Milton Keynes Council (25 012 144)
Category : Planning > Planning applications
Decision : Closed after initial enquiries
Decision date : 02 Feb 2026
The Ombudsman's final decision:
Summary: We will not investigate Mrs X’s complaint about a grant of planning permission as we are unlikely to find fault.
The complaint
- Mrs X says the Council failed to follow its own policy and procedure in granting a planning permission for Site Y.
The Ombudsman’s role and powers
- We investigate complaints about ‘maladministration’ and ‘service failure’, which we call ‘fault’. We must also consider whether any fault has had an adverse impact on the person making the complaint, which we call ‘injustice’. We provide a free service, but must use public money carefully. We do not start or continue an investigation if we decide there is not enough evidence of fault to justify investigating. (Local Government Act 1974, section 24A(6), as amended, section 34(B))
How I considered this complaint
- I considered information provided by Mrs X which included the Council’s reply to her complaint.
- I considered the Ombudsman’s Assessment Code.
My assessment
- The Council granted a change of use for a site near Mrs X’s home in July 2025. She says the Council failed to follow its procedures properly. Her main issues are:
- the application should have been decided by a planning committee.
- amendments to the application should have been consulted on.
- the planning officer stated there were more parking spaces than available.
- The Council’s reply to her complaint covered these issues and others. It said:
- She had misunderstood the procedure for determining whether a planning application goes to a planning committee. In this case a councillor had not requested it did, as Mrs X believed would happen. And the planning officer decided the other ‘tests’ did not apply.
- The amendment was too minor to require a fresh round of consultation.
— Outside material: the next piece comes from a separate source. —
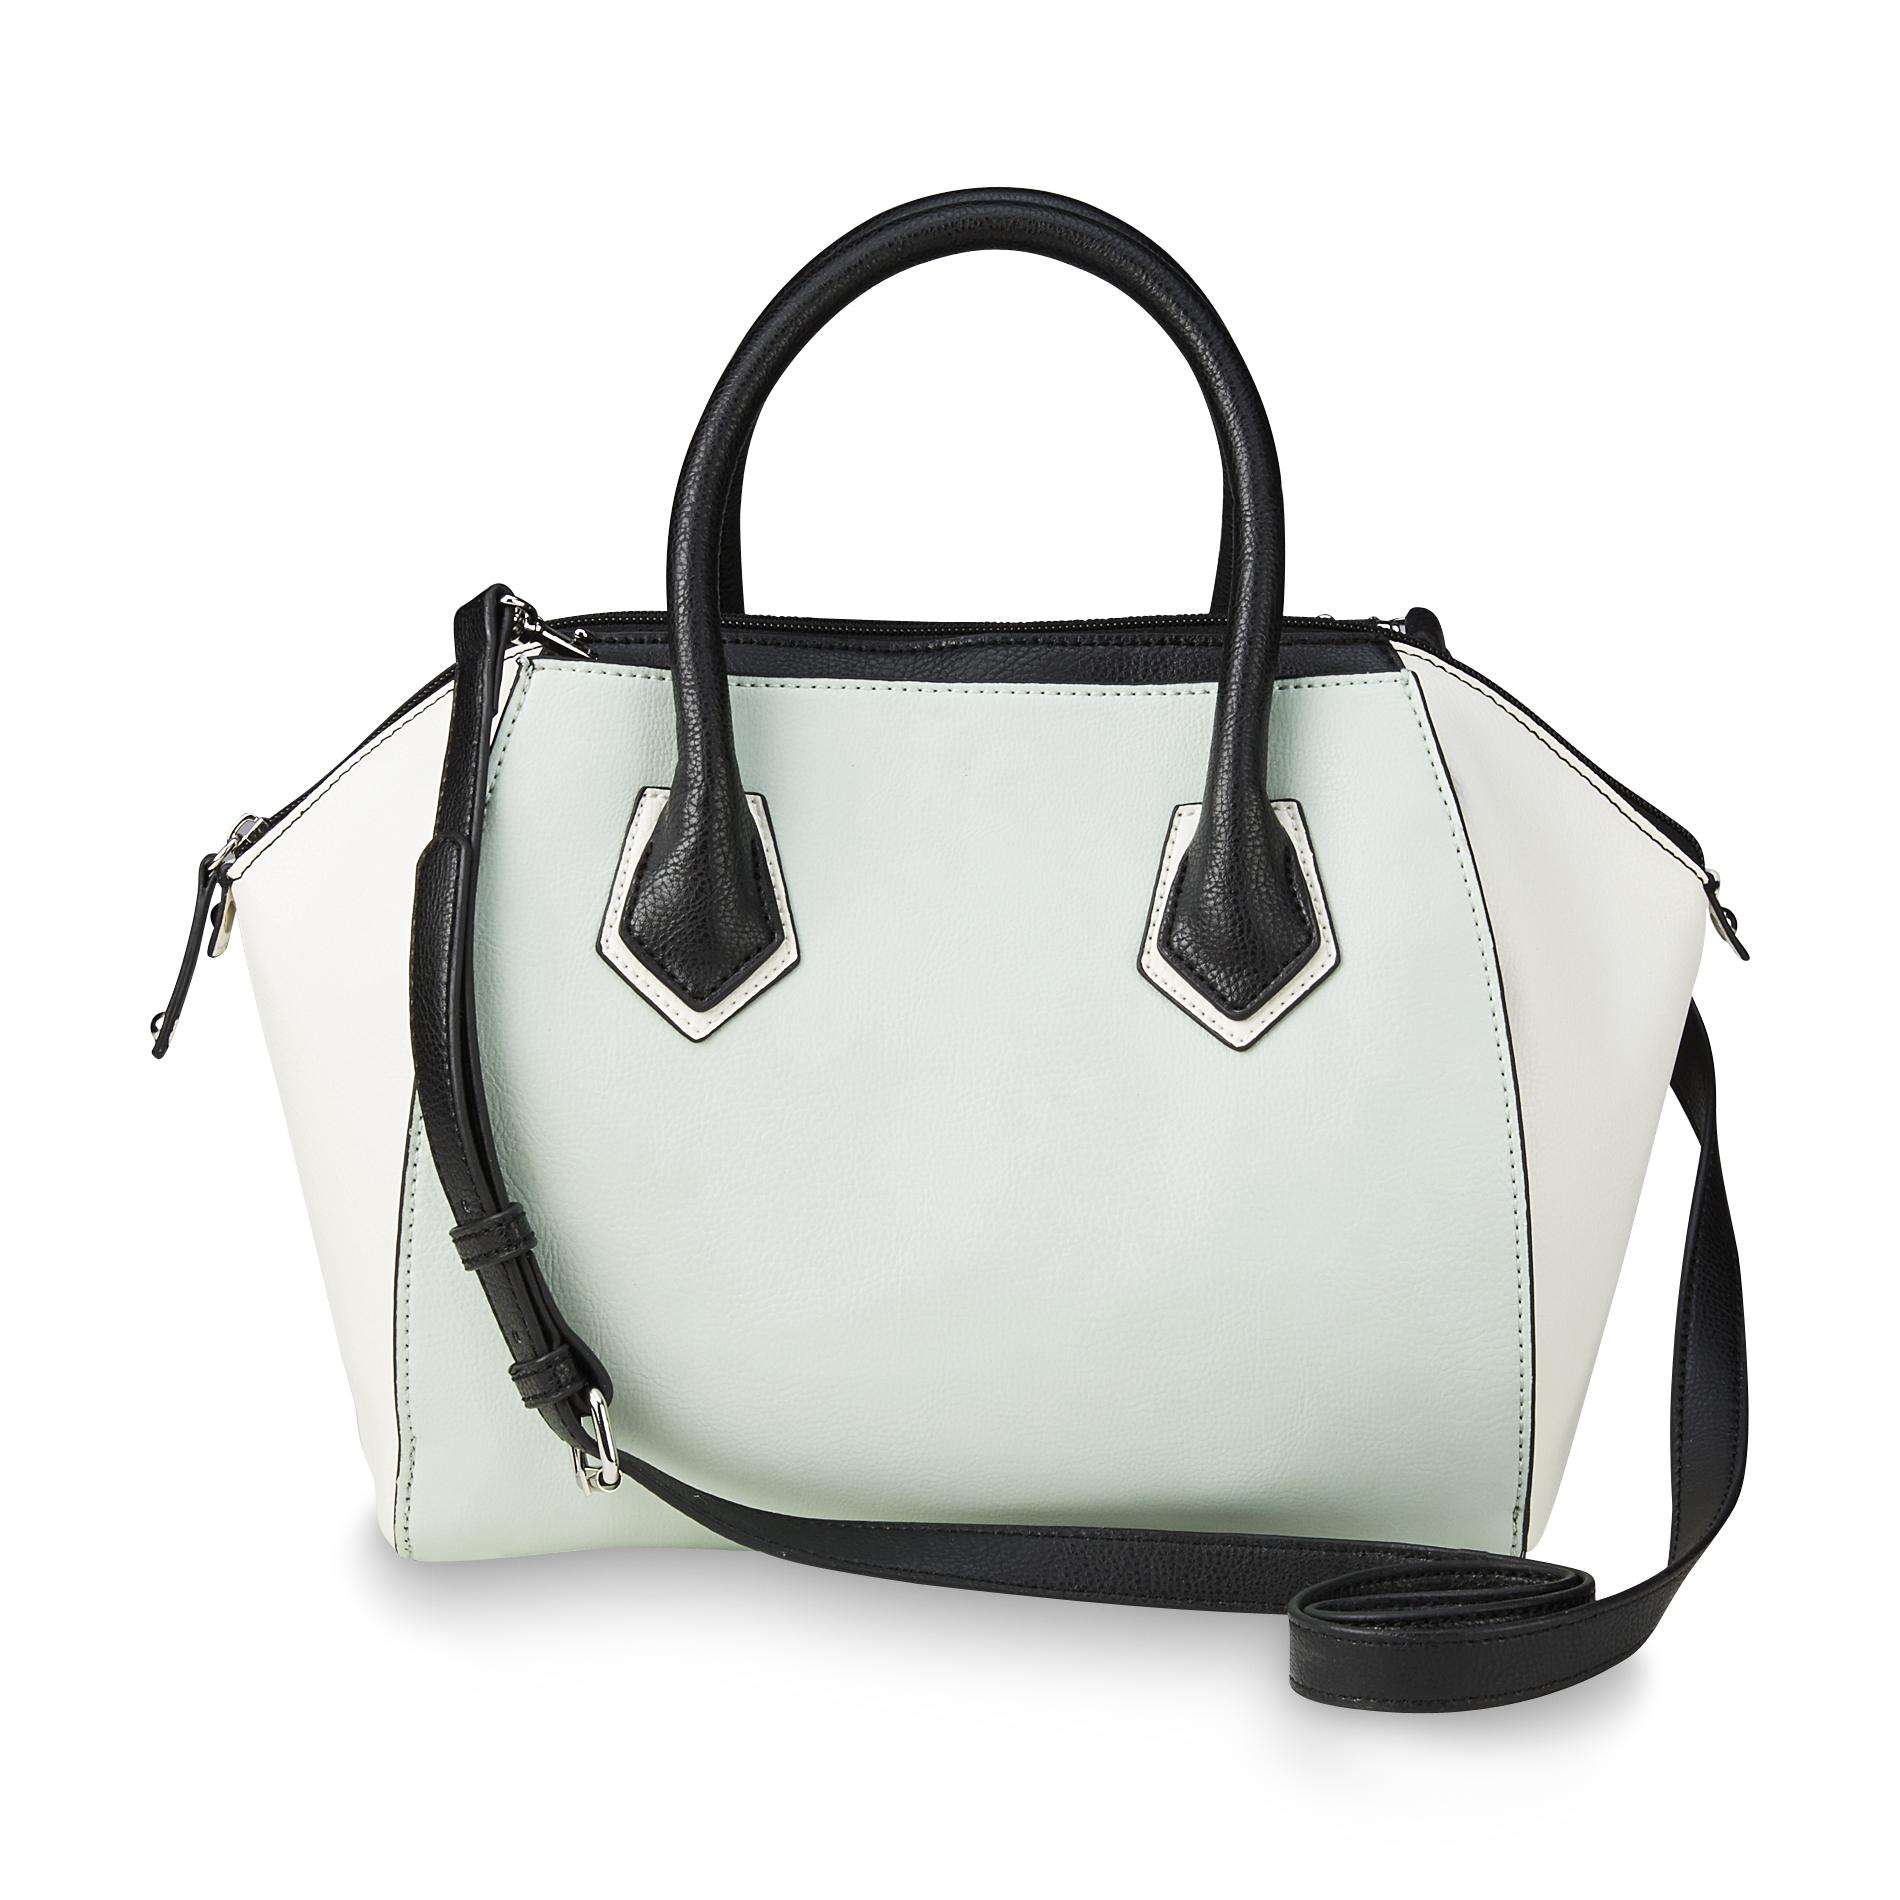 Metaphor Women's Milan Convertible Satchel Handbag
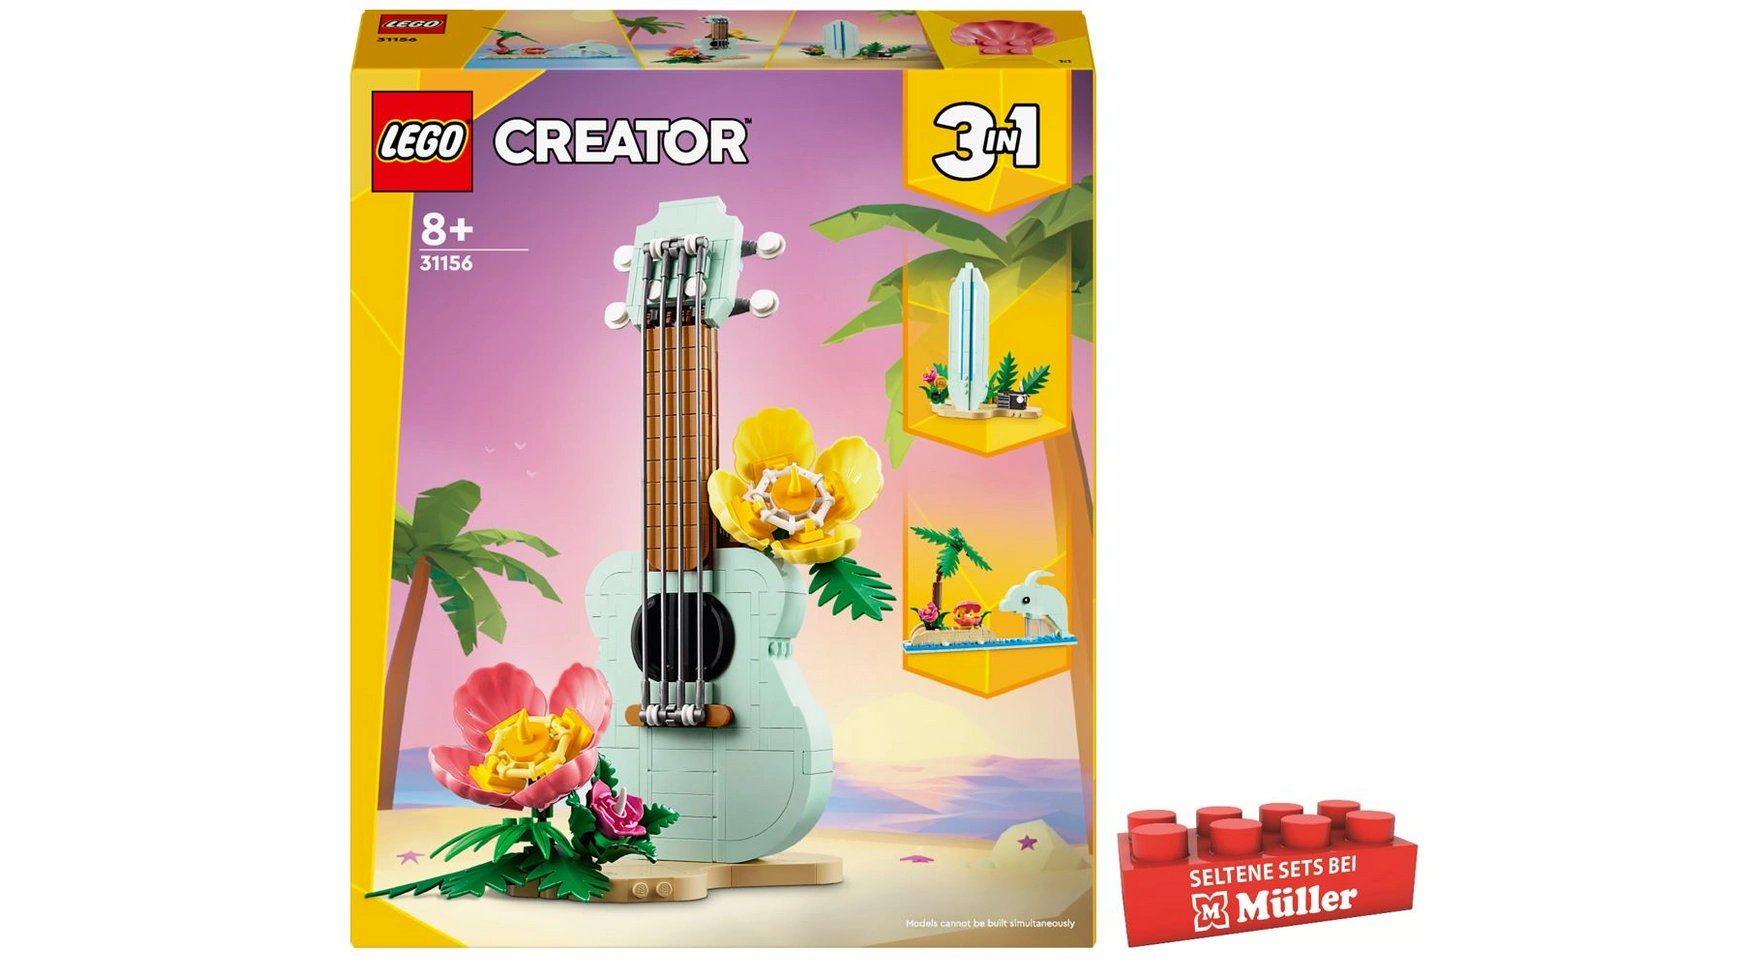 Lego Creator 3in1 Тропическая игрушка для укулеле, доски для серфинга или дельфина

- The parking situation was such that it was possible for an extra car to park on the spaces, although if other cars then parked they would trap the extra one in.
Analysis
- The Ombudsman is not an appeal body. This means we do not take a second look at a decision to decide if it was wrong. Instead, we look at the processes an organisation followed to make its decision. If we consider it followed those processes correctly, we cannot question whether the decision was right or wrong, regardless of whether Mrs X disagrees with the Council’s decision.
- The Council has here clearly explained why it has followed its procedures properly. The decisions not to consult again, not to go to planning committee and parking spaces available are professional judgement decisions. It is unlikely we would find fault in how it took the decision.
Final decision
- We will not investigate Mrs X’s complaint because we are unlikely to find fault.